# MSP cruiser hit on Rt93/N.Andover



## Guest (Jun 5, 2005)

Just saw the story on NECN, cruiser sitting in the breakdown lane hit by a drunk. No report on the troopers'(2) condition, nasty crash, hope they are ok!


----------



## kwflatbed (Dec 29, 2004)

Channel 5 said that they were OK.


----------



## Curious EMT (Apr 1, 2004)

2 troopers? 

The only time *I* have ever seen 2, is when they're FT'ing... Welcome to Police son!

Wish them well
Wish drunk hell


----------



## Guest (Jun 5, 2005)

The FTO had stiches on his forhead and back of his head. Knees and arms pretty bruised. The Boot was bruised up. Drunk, bailed for $40. :x


----------



## frapmpd24 (Sep 3, 2004)

MSP75";p="66345 said:


> The FTO had stiches on his forhead and back of his head. Knees and arms pretty bruised. The Boot was bruised up. Drunk, bailed for $40. :x


And thats what sucks about this state! Establish a legal limit of intoxication to get the highway money from the feds, but don't correct things on the court end from bail to trials. Serious incidents like this people should be held until their next court date at the minimum. There are no serious deterrants at all.

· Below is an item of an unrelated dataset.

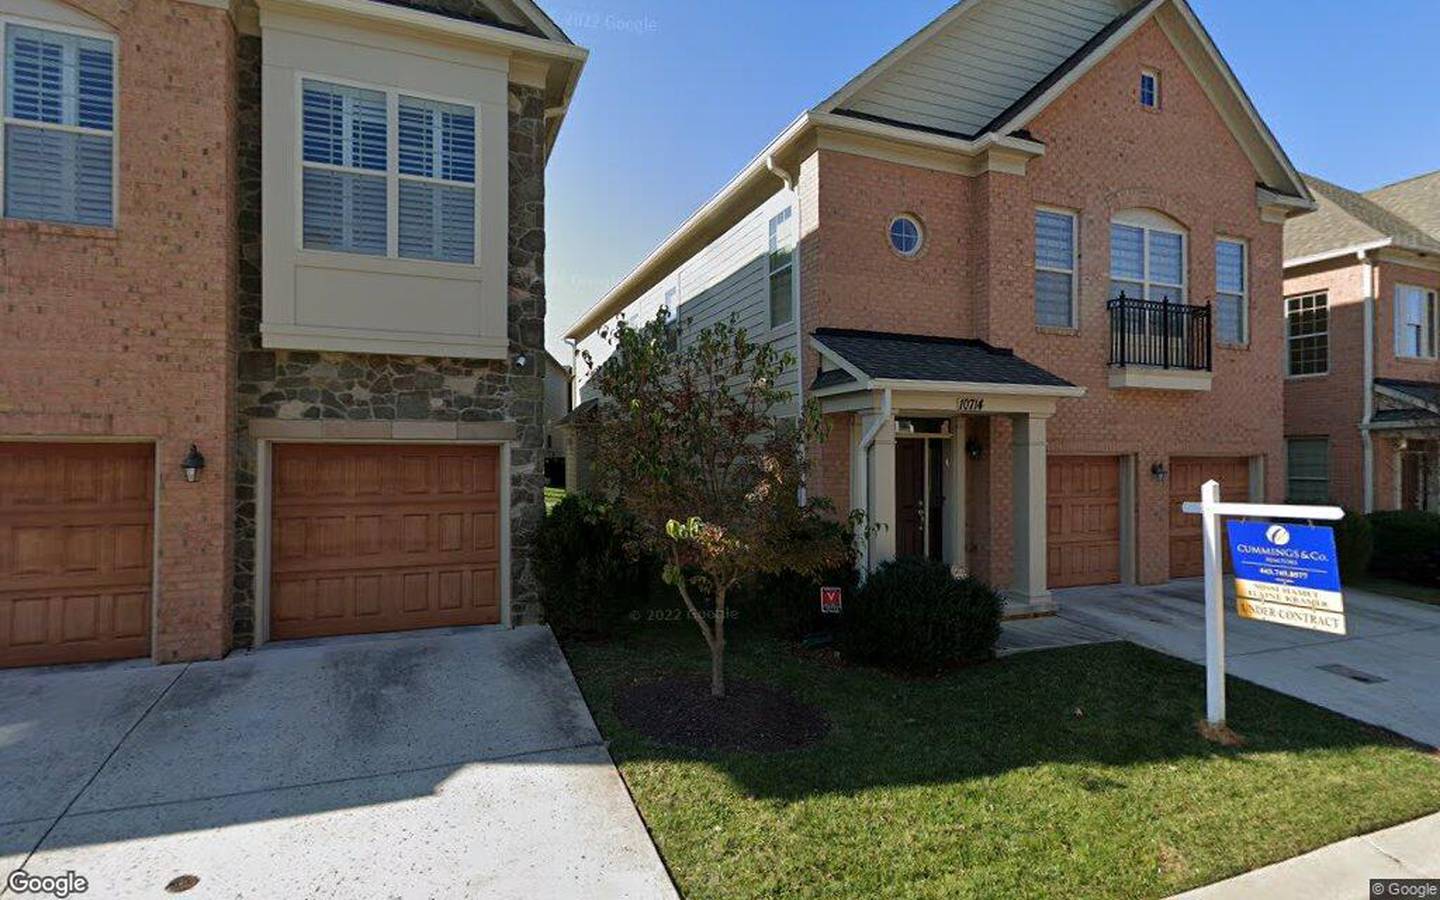 $740,000, townhouse at 10711 McGregor Drive

Had a close one myself a few months ago on a detail. Following a piece of equipment in the BDL, guy comes behind in the left lane 75+ into slower traffic, swerves into the breakdown lane, pulled ahead quick when I saw him and he still ended up less than a car length from my bumper. Surprisingly, he had a lot of operating to endagers :roll:

A good reminder to keep an eye on that rearview mirror. Hope the troopers involved have a speedy recovery. Stay safe out there.


----------



## girlcop21 (Jul 20, 2004)

I know the family of one of the troopers... trooper was FTO and was teaching radar. Not only was the cruiser pulled off to the side of the road, the cruiser was in the grassy area. The trooper that was driving saw the car from behind but couldn't get out of the way. One trooper suffered a concussion and a signifcant amount of stitches in the head. The trooper trainee suffered a knee injury along with other injuries. Damn drunk drivers! Thank god these troopers didn't suffer injuries like Trooper Engleheart. Please keep these Troopers in your prayers that they make a quick recovery!


----------